The Austin Chronicle

https://www.austinchronicle.com/news/2008-12-12/714170/

The Hightower Report

By Jim Hightower, December 12, 2008, News

Sign of the Times

Economists, myopically poring over reams of data, have finally noticed that our economy is in a recession. If only they'd looked around, they could have seen less abstract indicators showing that the economy has long been in a heap of hurt. For example: abandoned boats.

Along rivers, in coves, and on other waterfronts around the country, there are reports that thousands of vessels are being ditched by their owners. These are not junkers but everything from pleasure boats to commercial fishing rigs that have simply become too expensive for the hard-hit owners to maintain. With no one in the market for buying used craft, which also have very little in scrap value, the owners slip them into a marina or onto a beach, remove the ID numbers, and walk away.

Another sign of the times can be seen at the very top of America's financial pyramid, where the party seems to be over. At least it is for Marc Jacobs, the high-society designer in New York City, who throws an annual holiday bash for a few hundred of his closest friends. Last year, for example, some 800 swells came to Jacobs' gala dressed in Arabian Nights costumes. They were bedazzled by bare-chested women draped with golden necklaces, lavish food and drink, and, at a climactic moment in the evening, a shower of golden glitter falling over them.

Those were the days, huh? This year, however, instead of an invitation, guests received a terse e-mail saying: "Due to the financial climate, I had to make the decision to cancel the 2008 holiday party." The glitter is gone from the Gilded Age.
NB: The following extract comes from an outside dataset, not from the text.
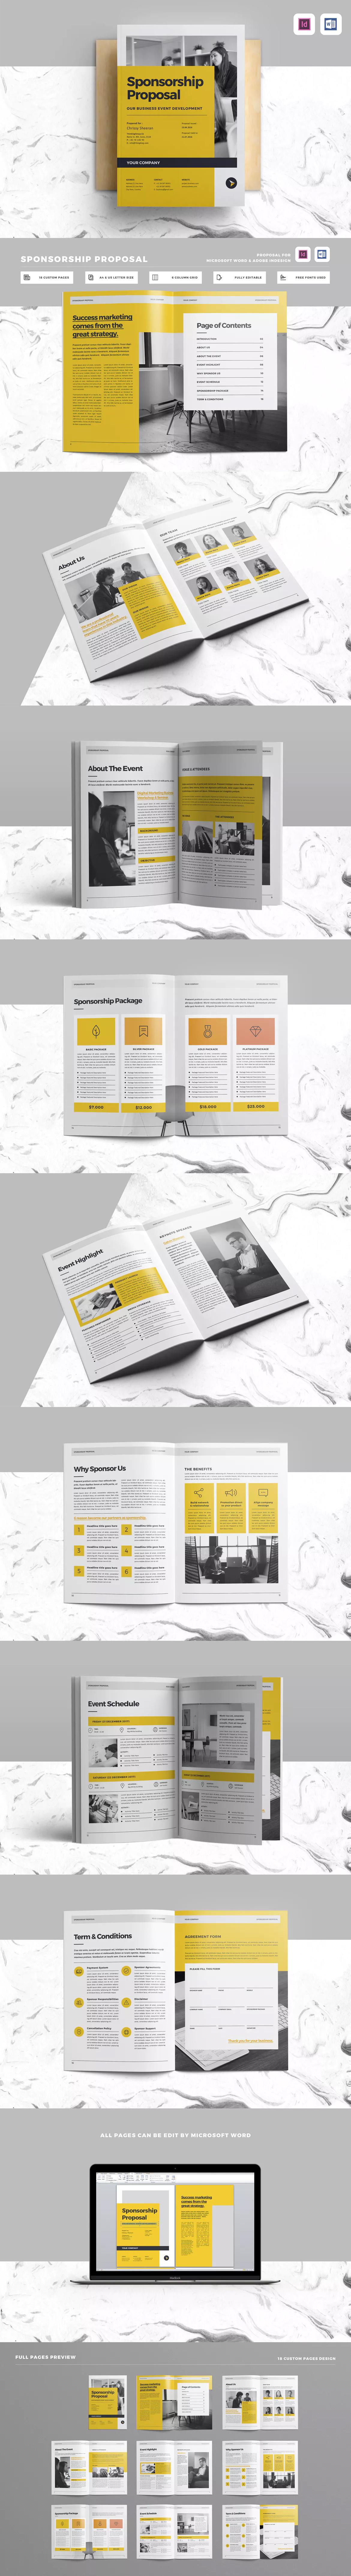 Sponsorship Proposal Template InDesign INDD - A4 & US letter ...

Folks at the bottom are used to hearing hard times knock on their doors, but when the gates of opulence also get a knock, you know that something different is taking place in this downturn. As one marketer of luxury goods recently observed: "We're just seeing the very beginning of this."


Bush Okays Environmental Grotesquerie

Let's say you are the CEO of a coal corporation, and you want to get at the black gold deep inside the beautiful, verdant mountains of Appalachia. You have a choice.

You could use industrial ingenuity and environmental finesse to extract the coal. But, hey, why not just demolish the entire top third of those mountains with explosives, bulldoze the resulting rubble down the mountainsides into the streams below, then simply scoop out the coal? Yes, it's brutish and nasty, but, wow, so much more profitable for your corporation! What's a CEO to do?

Of course, the coal barons have chosen what's euphemistically known as "mountaintop removal." This is why America has regulatory agencies – to restrain such greed-headed destruction. So ... where are the restrainers? Rushing to legalize the sledgehammering of Appalachia.

The Bush administration, at the behest of coal corporations that were generous financial backers of George W., has delivered a new rule to "clarify" a 25-year-old ban on dumping mountaintop rubble into valley streams. This clarification is a shameful semantic sham, declaring that the coal giants "must not" dump their spoil into Appalachia's pristine waters unless the corporations say they must – and even then the profiteers should try to minimize the destruction "to the extent practicable."

This regulatory cave-in was announced by the head of Bush's Council on Environmental Quality. Guess who he is? Bingo, if you said he's a former lobbyist for the coal barons! Why are we not surprised? The new rule will take effect only three weeks before Bush & Co. leave office – a priceless departing gift to brutish decapitators of Appalachia.

You have to see this environmental grotesquerie to comprehend it. To see photos – and to help overturn Bush's giveaway – go to Ohio Valley Environmental Coalition's website at www.ohvec.org.